#### RAW DATA:
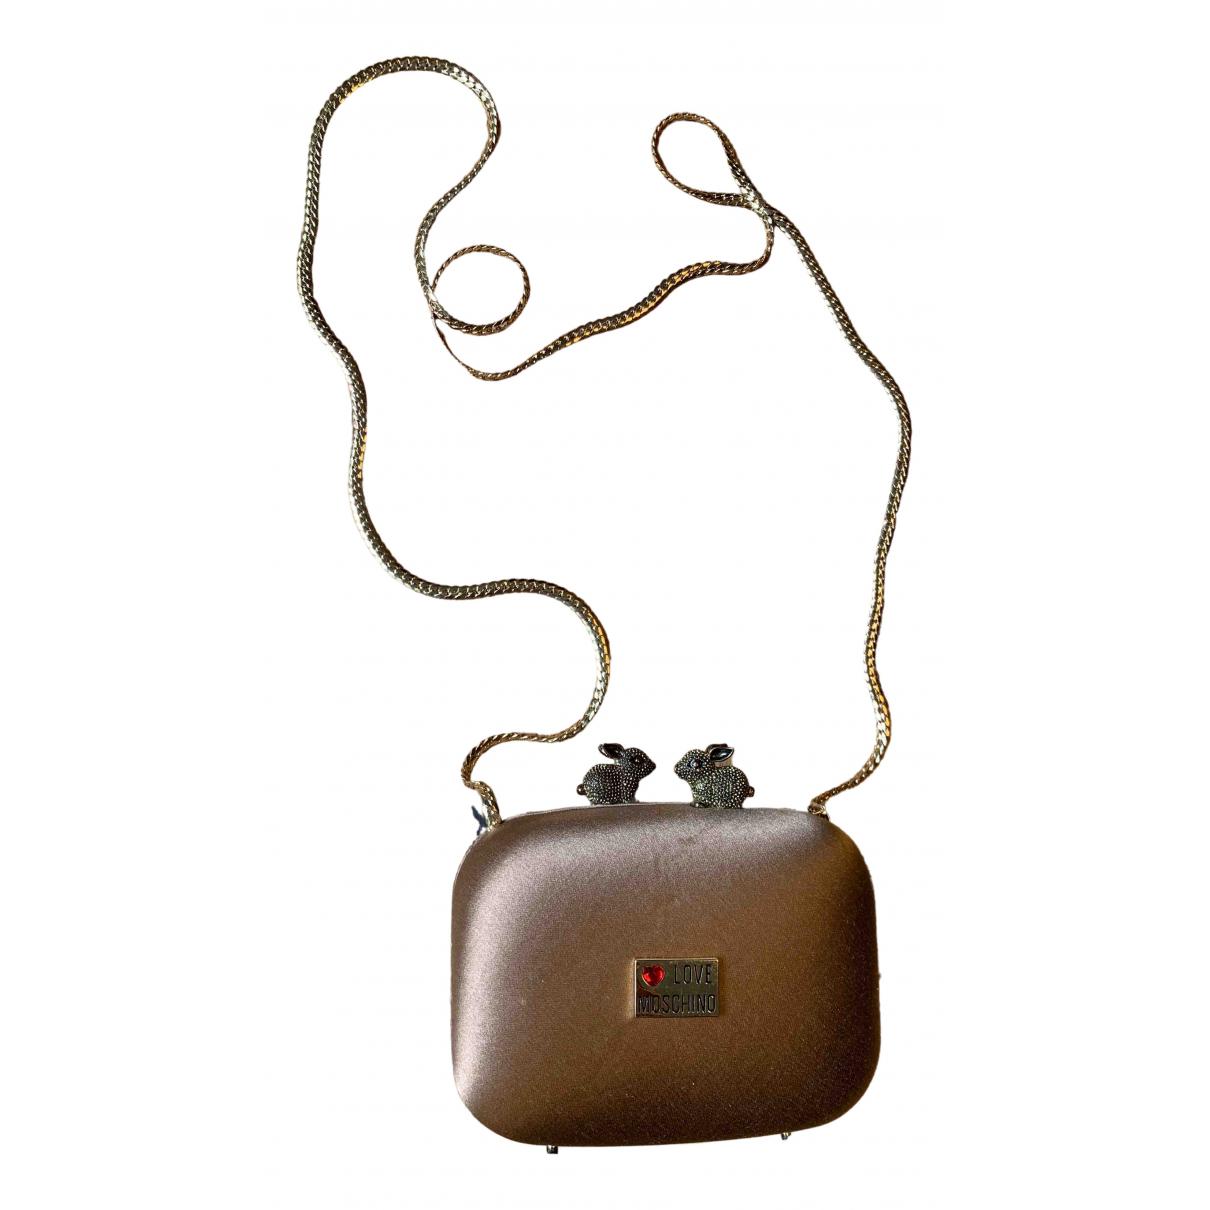 Moschino Love N Beige handbag for Women N
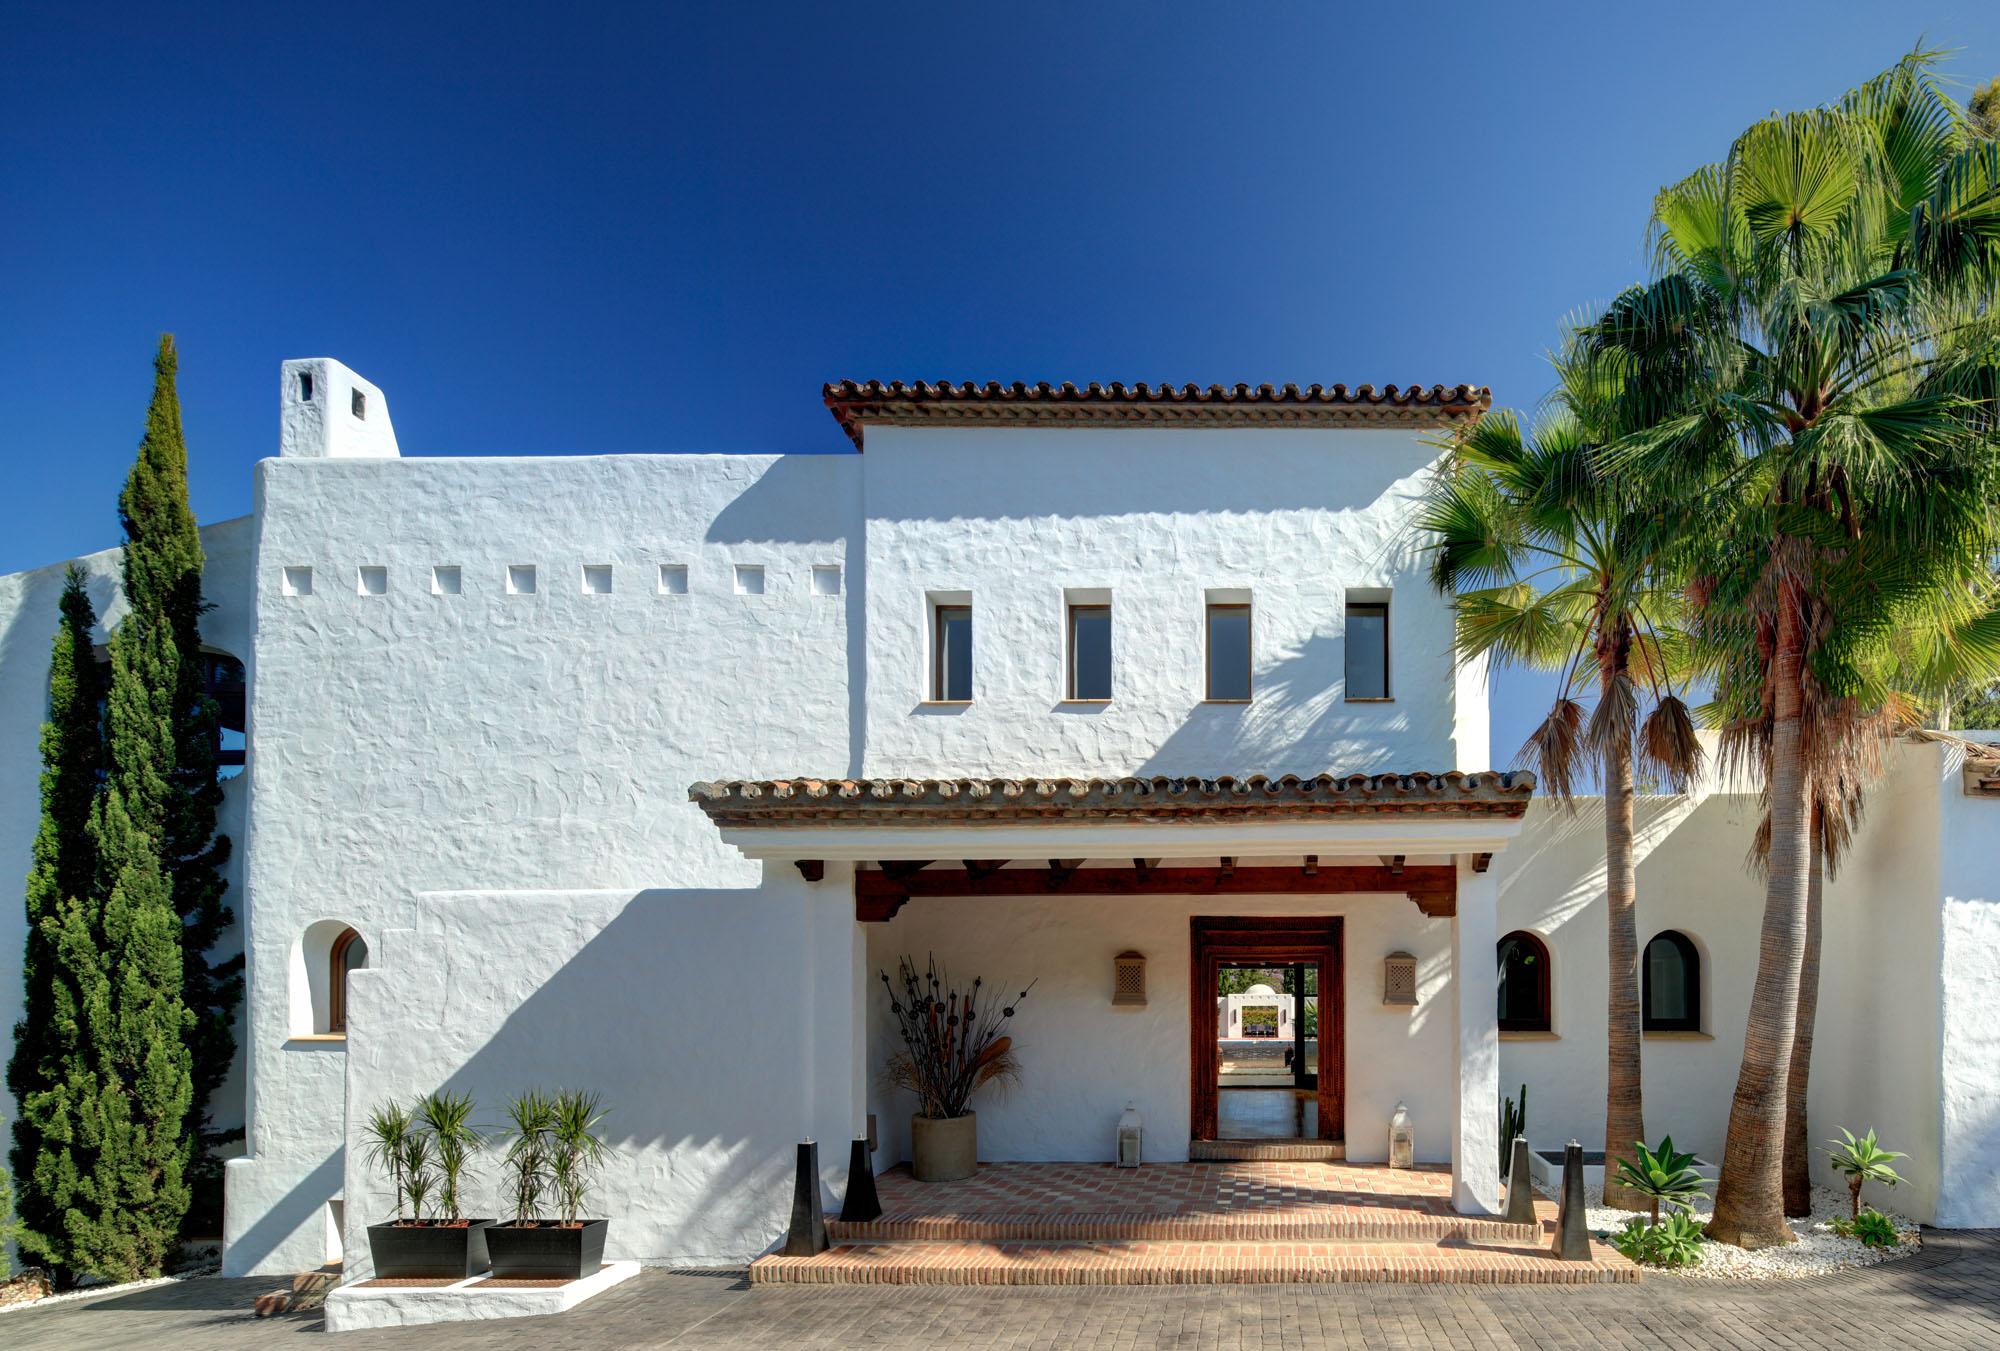 359-00100P: Villa in Marbella
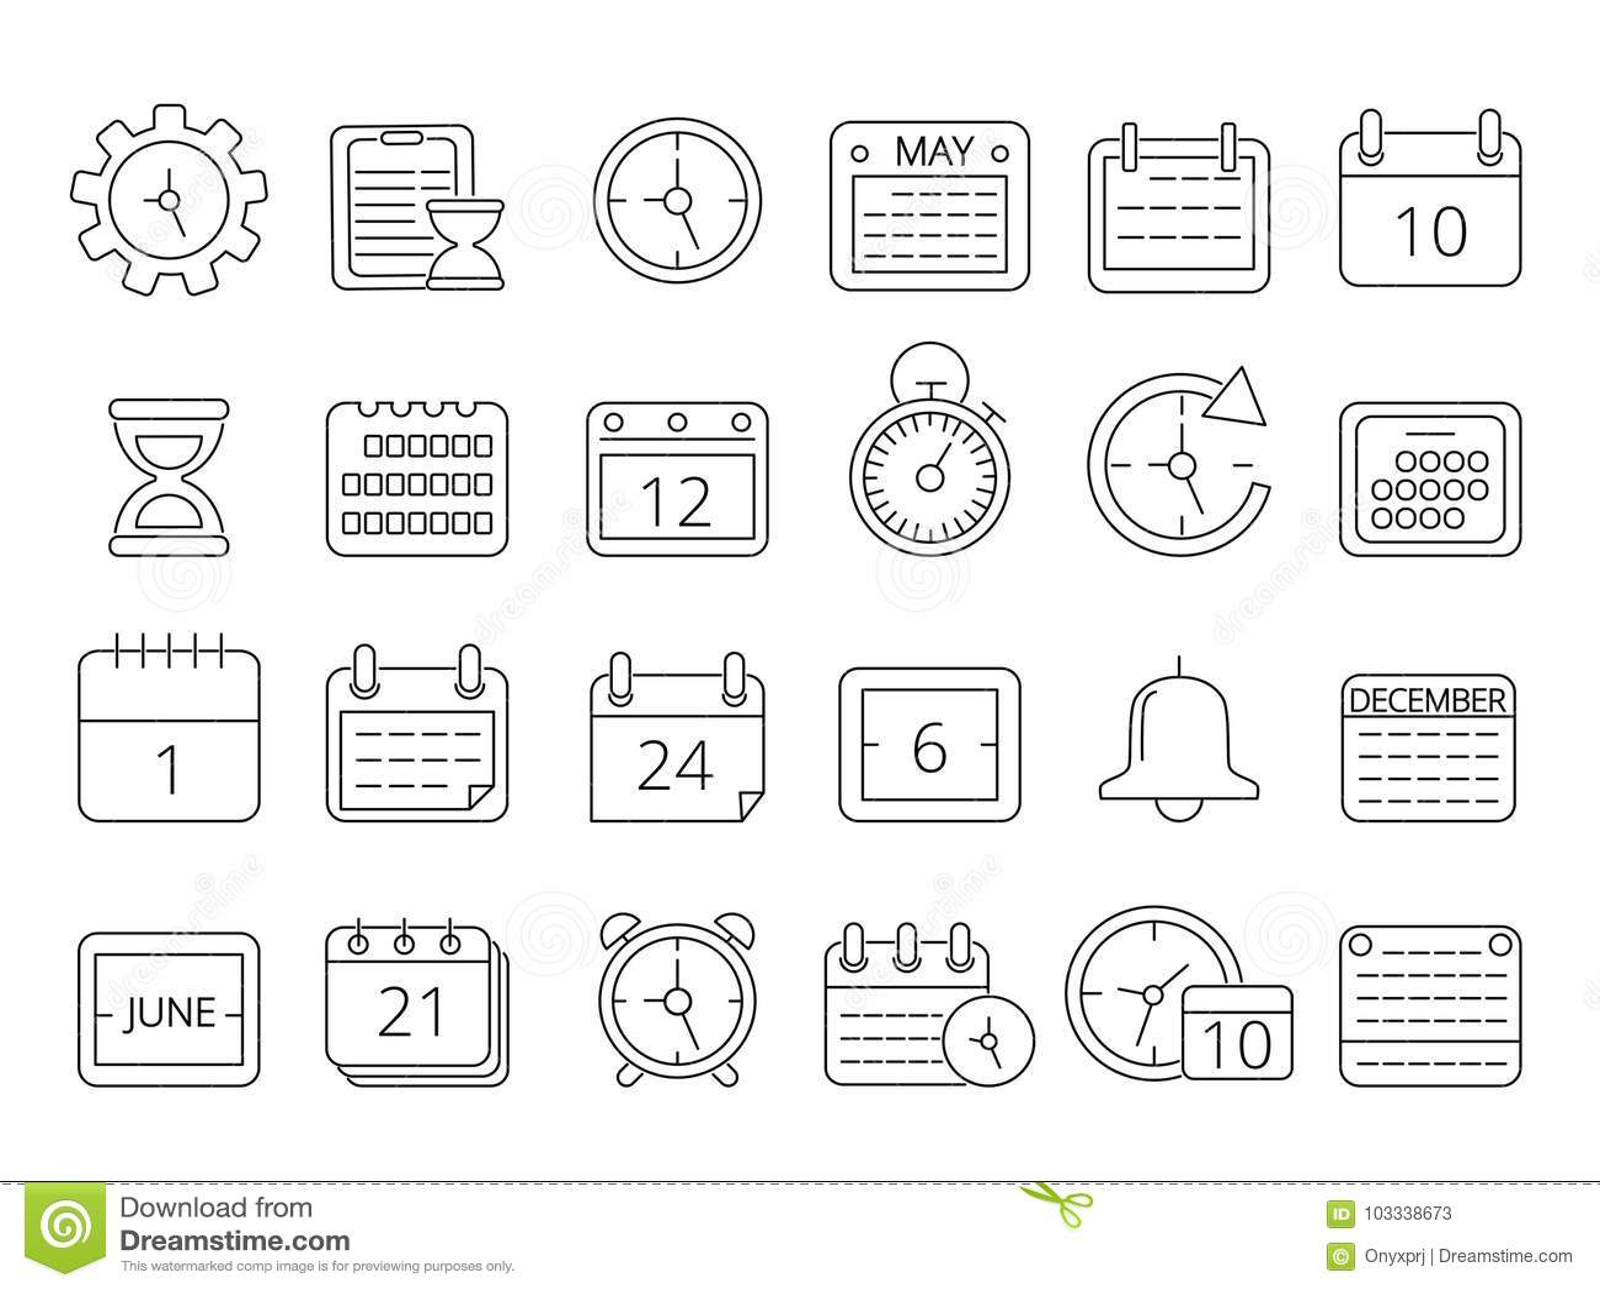 Mono Line Pictures Set Of Time Managements Symbols Stock Vector

#### REQUIREMENT:
Write out the whole listing exactly, with no pictures.

#### SOLUTION TO THE PROBLEM:
 Moschino Love N Beige handbag for Women N
 359-00100P: Villa in Marbella
 Mono Line Pictures Set Of Time Managements Symbols Stock Vector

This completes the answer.